FIG. 2A illustrates one possible design for a structured silicon anode that is assembled into a lithium-ion battery with a planar cathode in a discharged state, as has been proposed in the literature. For example, reference to Green et al., “Structured Silicon Anodes for Lithium Battery Applications,” Electrochemical and Solid State Letters, 6, 2003 A75-A79, may help to illustrate the state of the art in structured silicon anodes, and is therefore incorporated by reference as non-essential subject matter herein. Referring to FIG. 2A, a cathode sheet including a cathode current collector 20 along with a cathode active porous material 21 is assembled on top of a separator material 22. This dual-layered material is then attached to a structured silicon anode material 23, which is in the form of pillars that are connected to an anode current collector 24. During charging, lithium ion transport occurs from the cathode active material 21 through the separator material 22 into the anode material 23. Since the anode material 23 in this case is made out of silicon, the charging process expands it. As can be seen in FIG. 2B, top portions of the anode material 23, which are geometrically closer to the cathode active material 21 than bottom portions of the anode material 23, experience larger amounts of expansion. This non-uniform expansion can cause a non-uniform current density and, thereby, a non-uniform capacity utilization. This is pictorially shown in FIG. 2B, where the top portions of the anode material 23 are in an expanded state due to preferential alloying. In certain cases, the top portions can close off before the bottom portions can be lithiated.
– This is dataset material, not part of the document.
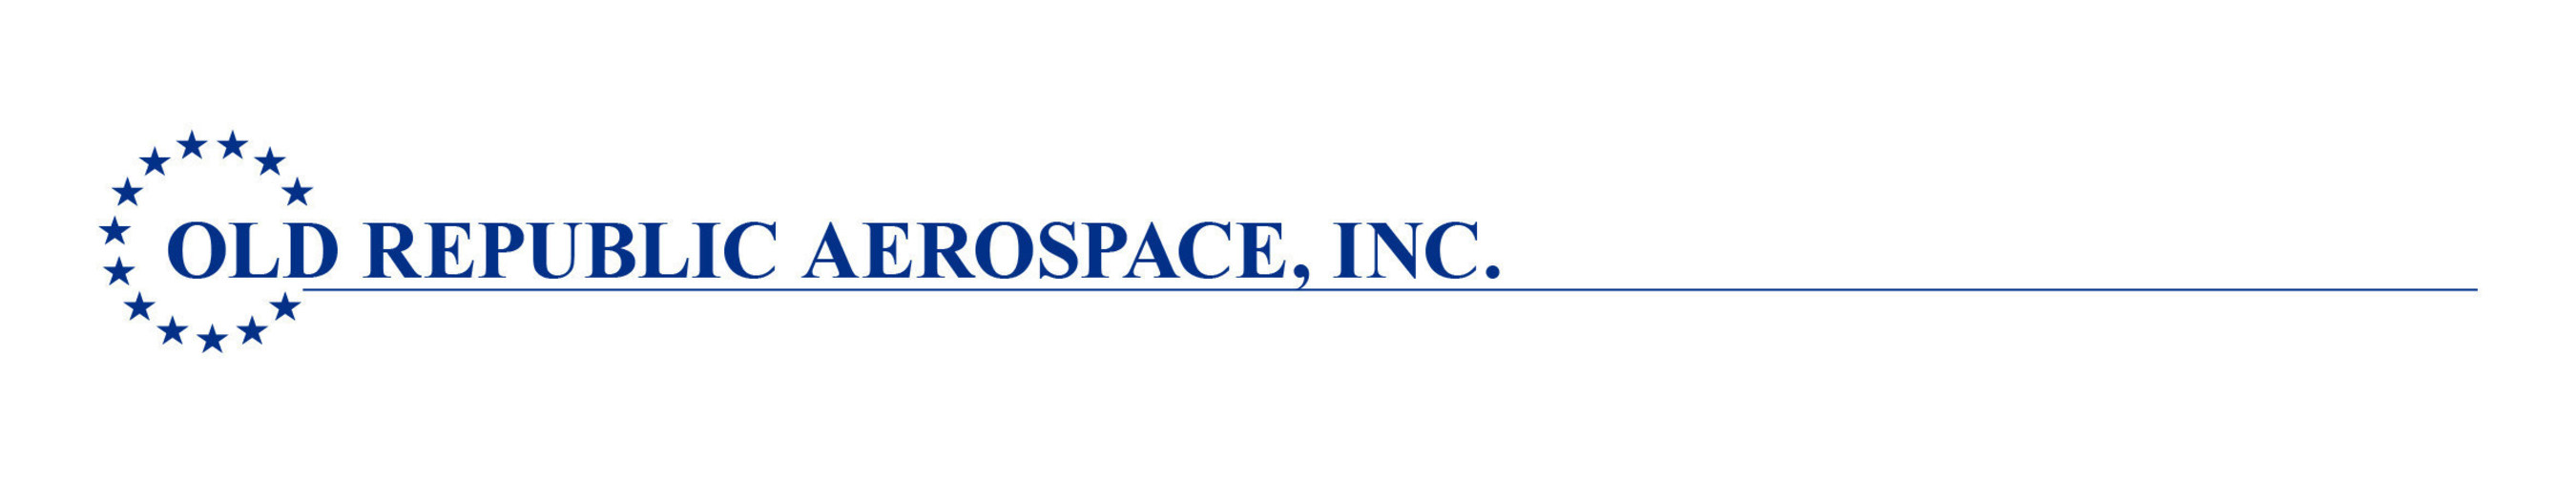 Old Republic Aerospace, Inc. Logo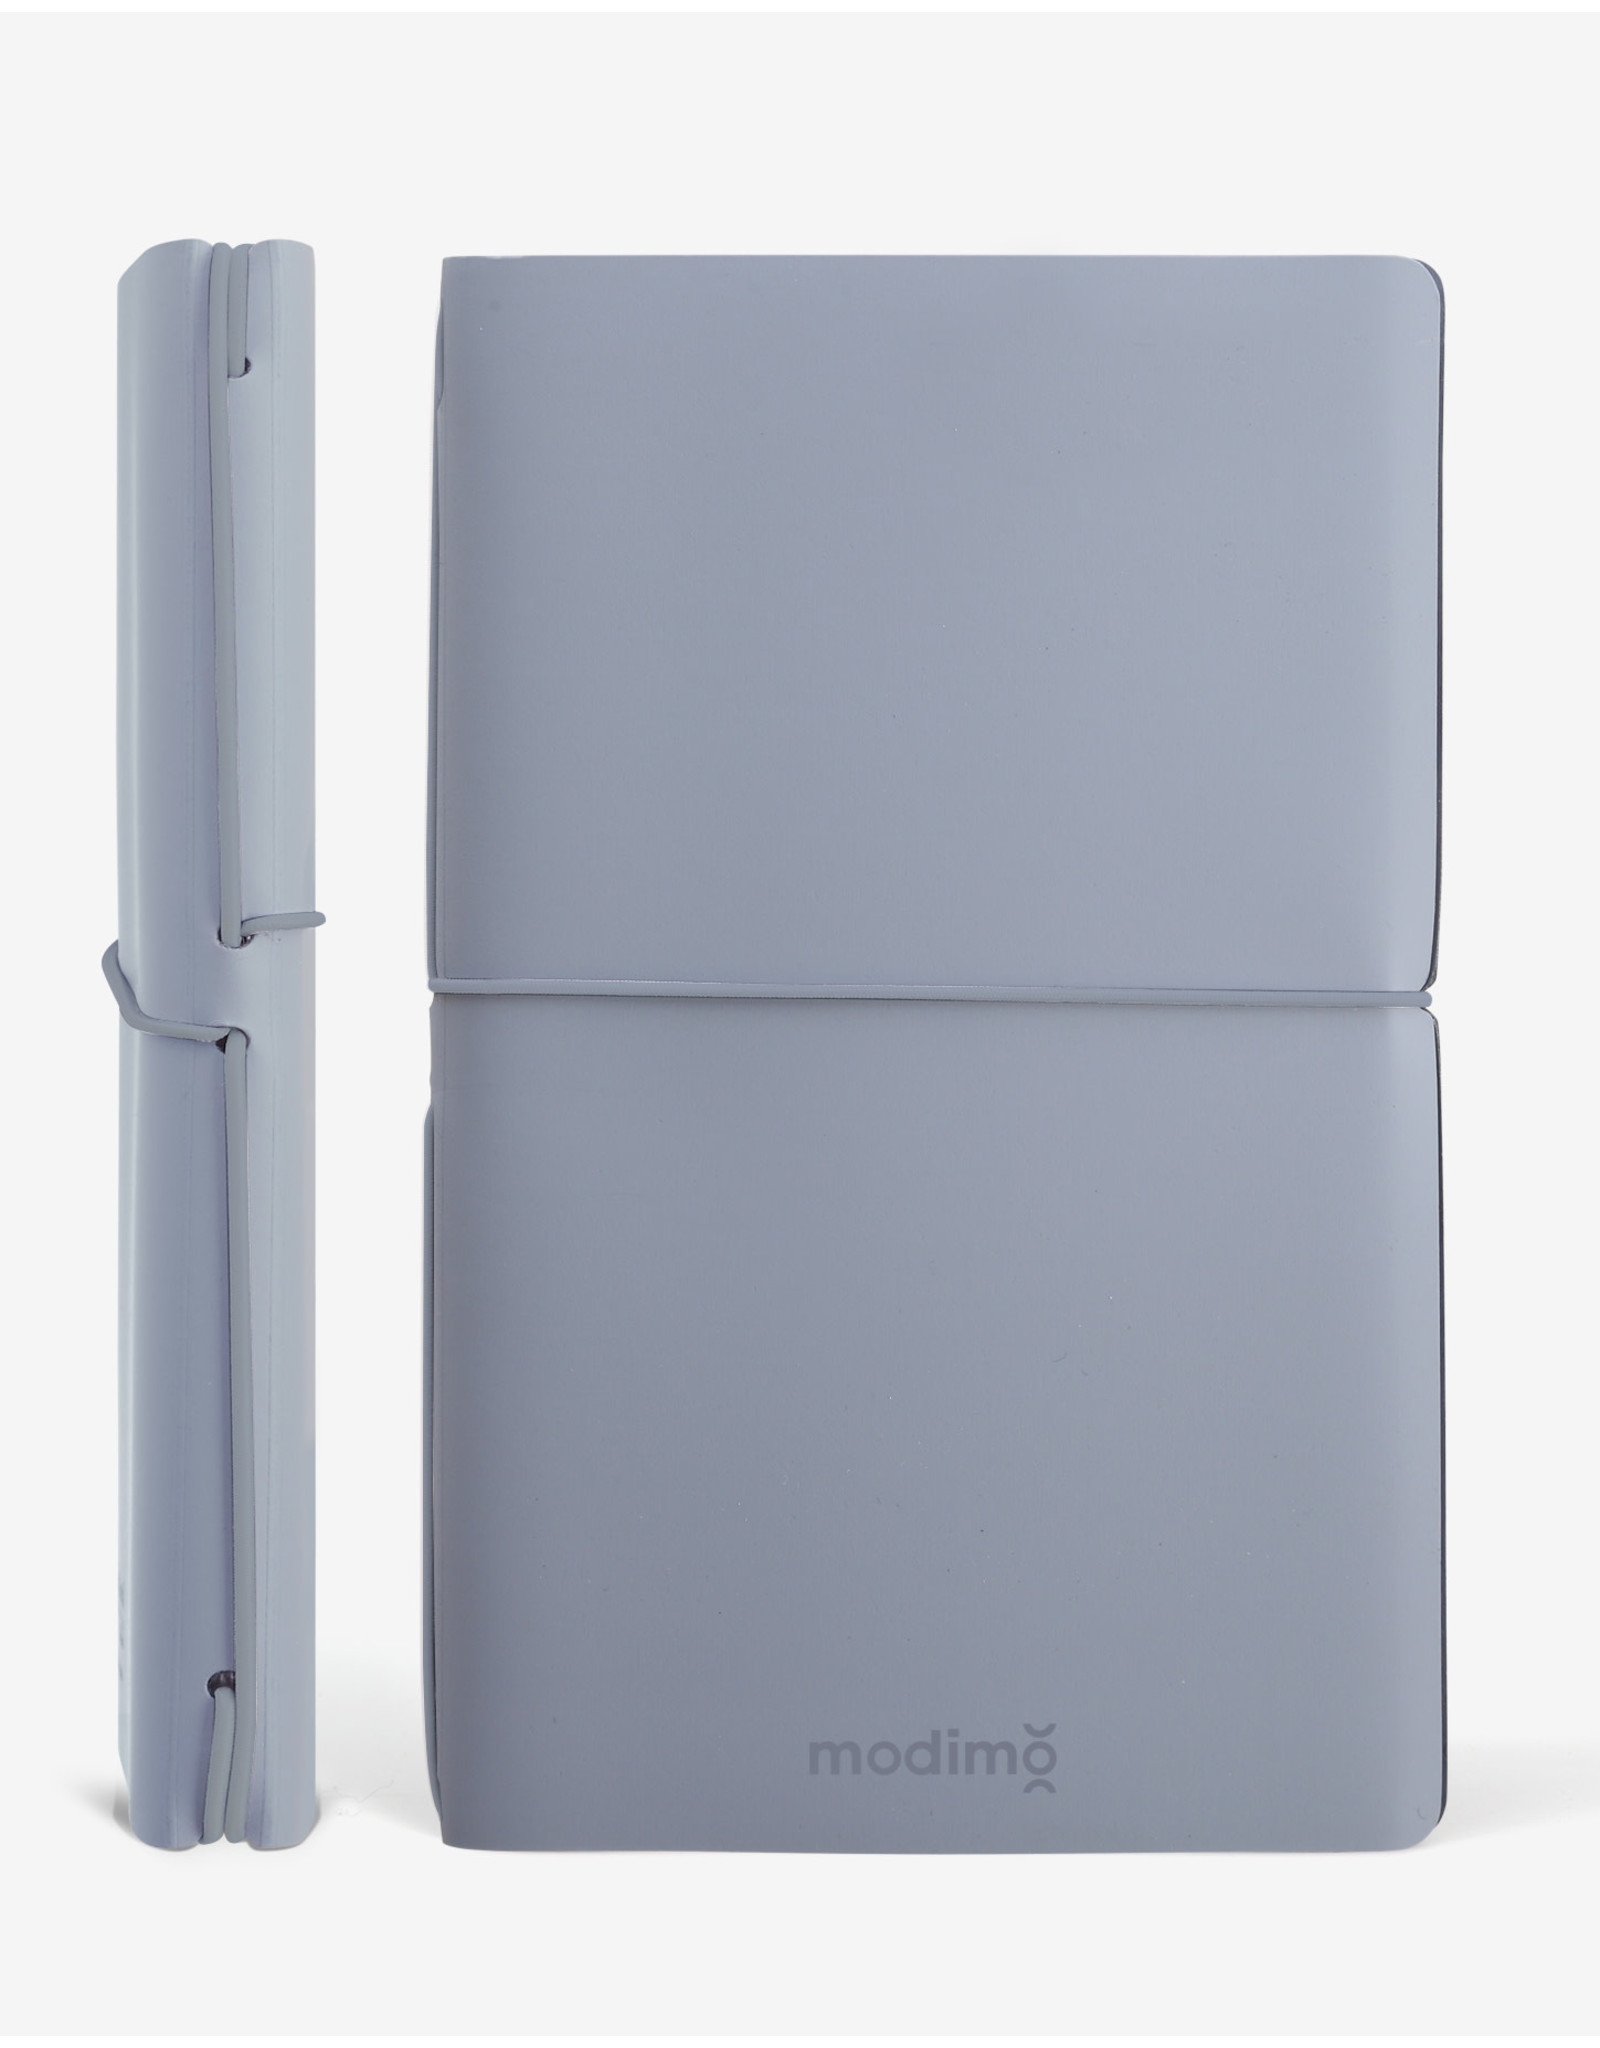 Modimo Bullet journal Light blue - My plan - White - 10 x 15 cm - Flexible regenerated leather

The following references may also help to illustrate the state of the art, and are therefore incorporated by reference as non-essential subject matter herein: Shin et al., “Porous Silicon Negative Electrodes For Rechargeable Lithium Batteries,” Journal of Power Sources, 139 (2005) 314-320; Long et. al., “Three-Dimensional Battery Architectures,” Chemical Reviews, (2004), 104, 4463-4492; Broussely and Archdale, “Li-ion batteries and portable power source prospects for the next 5-10 years,” Journal of Power Sources, 136, (2004), 386-394; Canadian Patent CA 02388711 by Ikeda et al.; Chang Liu, FOUNDATIONS OF MEMS, Chapter 10, pages 1-55 (2006); V. Lehmann, “The Physics of Macropore Formation in Low Doped n-Type Silicon,” J. Electrochem. Soc. 140 (1993), 10, 2836-2843; Vyatkin et al., “Random and Ordered Macropore Formation in p-Type Silicon,” J. Electrochem. Soc. 149, 1, G70-G76 (2002); van den Meerakker et al., “Etching of Deep Macropores in 6 in. Si Wafers,” J. Electrochem. Soc. 147, 7, 2757-2761 (2000); Kanamura et. al., “Electrophoretic Fabrication of LiCoO2 Positive Electrodes for Rechargeable Lithium Batteries,” Journal of Power Sources, 97-98 (2001) 294-297; Caballero et al., “LiNi0.5Mn1.5O4 thick-film electrodes prepared by electrophoretic deposition for use in high voltage lithium-ion batteries,” Journal of Power Sources, 156 (2006) 583-590; Wang and Cao, “Li+-intercalation Electrochemical/Electrochromic Properties Of Vanadium Pentoxide Films By Sol Electrophoretic Deposition,” Electrochimica Acta, 51, (2006), 4865-4872; Nishizawa et al., “Template Synthesis of Polypyrrole-Coated Spinel LiMn2O4 Nanotubules and Their Properties as Cathode Active Materials for Lithium Batteries,” Journal of the Electrochemical Society, 1923-1927, (1997); and Shembel et. al., “Thin Layer Electrolytic Molybdenum Oxysulfides For Lithium Secondary Batteries With Liquid And Polymer Electrolytes,” 5th Advanced Batteries and Accumulators, ABA-2004, Lithium Polymer Electrolytes.
It would be desirable to make three-dimensional electrochemical energy devices that may provide higher energy and power density, while reducing capacity loss due to expansion and contraction of alloy anodes and the resulting disintegration (also known as attrition) of anode material.